I encourage everyone to view the photos below and take inspiration from these brave souls. And VOTE! (Early and often…)
Dora Lewis, knocked unconscious when a prison guard flung her into her cell
Lucy Burns, manacled to her cell bars on the “Night of Terror”
Alice Paul. When she embarked on a hunger strike, they tied her to a chair and force fed her until she vomited. This went on for weeks until word of her treatment was smuggled out to the press. Prison officials transferred Paul to a sanitarium in the hope of having her declared insane (and thus removing her from the helm of the suffrage movement).
Pauline Adams, sporting the prison garb she wore while serving a 60 day sentence.
Edith Ainge, of Jamestown, New York
Helena Hill Weed, Norwalk , Conn., serving 3 day sentence in D.C. prison for carrying banner, ‘Governments derive their just powers from the consent of the governed.’
Conferring over ratification of the 19th Amendment to the U.S. Constitution at National Woman’s Party headquarters, Jackson Place, Washington, D.C. Left to right: Mrs. Lawrence Lewis, Mrs. Abby Scott Baker, Anita Pollitzer, Alice Paul, Florence Boeckel, Mabel Vernon (standing, right).
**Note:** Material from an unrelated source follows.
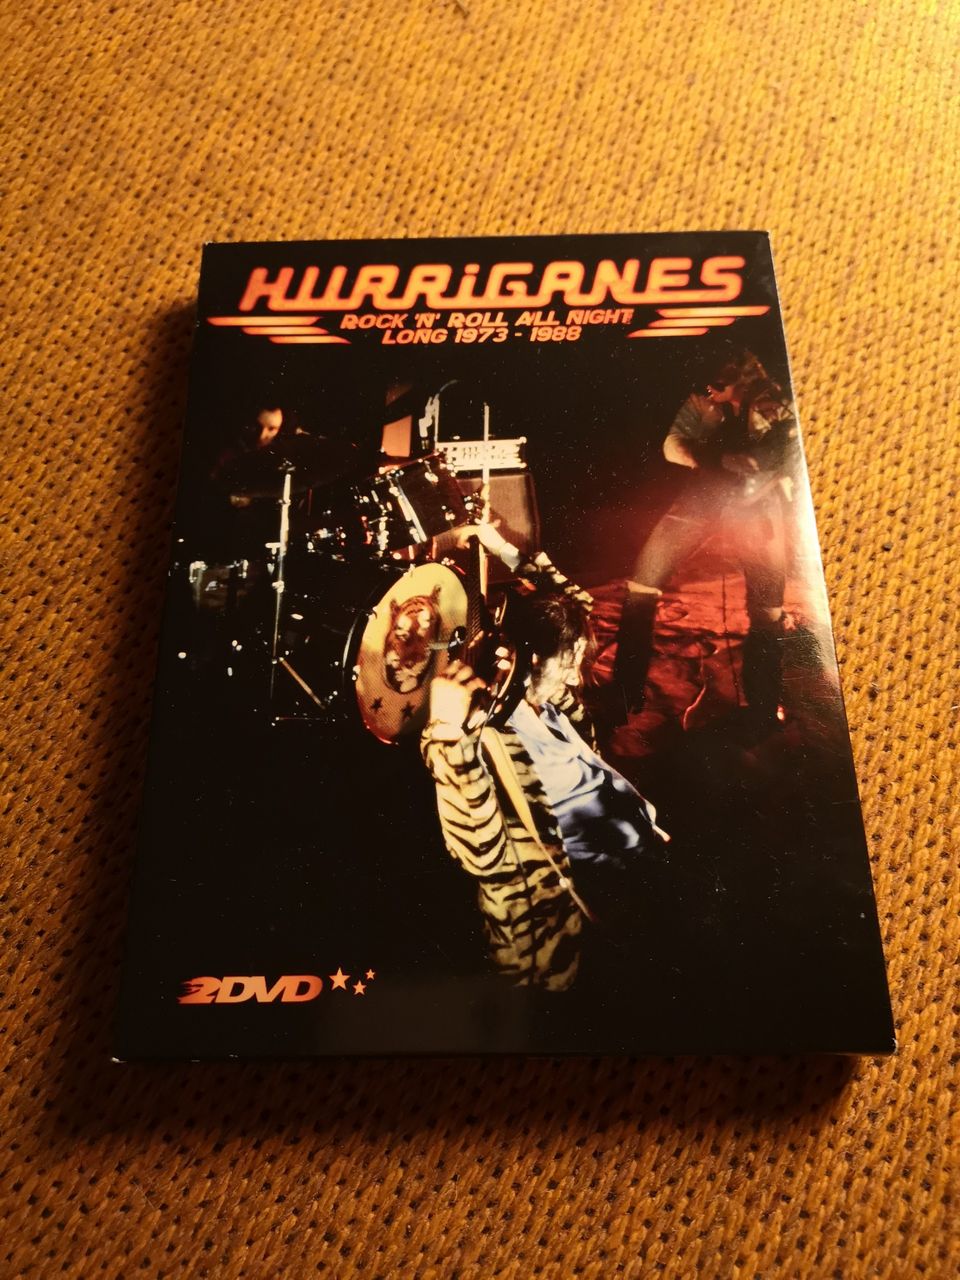 Hurriganes - Rock 'n' Roll All Night Long 1973 - 1988 2DVD

Those interested in videos on the subject might be interested in the documentary “Not For Ourselves Alone” about the partnership of Susan B. Anthony and Elizabeth Cady Stanton. The 2004 HBO movie “Iron Jawed Angels” about the NWP’s battle for suffrage, starring Hilary Swank and Frances O’Connor, also looks good. I love what the sanitarium doctor evaluating Alice Paul for insanity tells the prison officials who have brought her there:
“Courage in women is often mistaken for insanity.”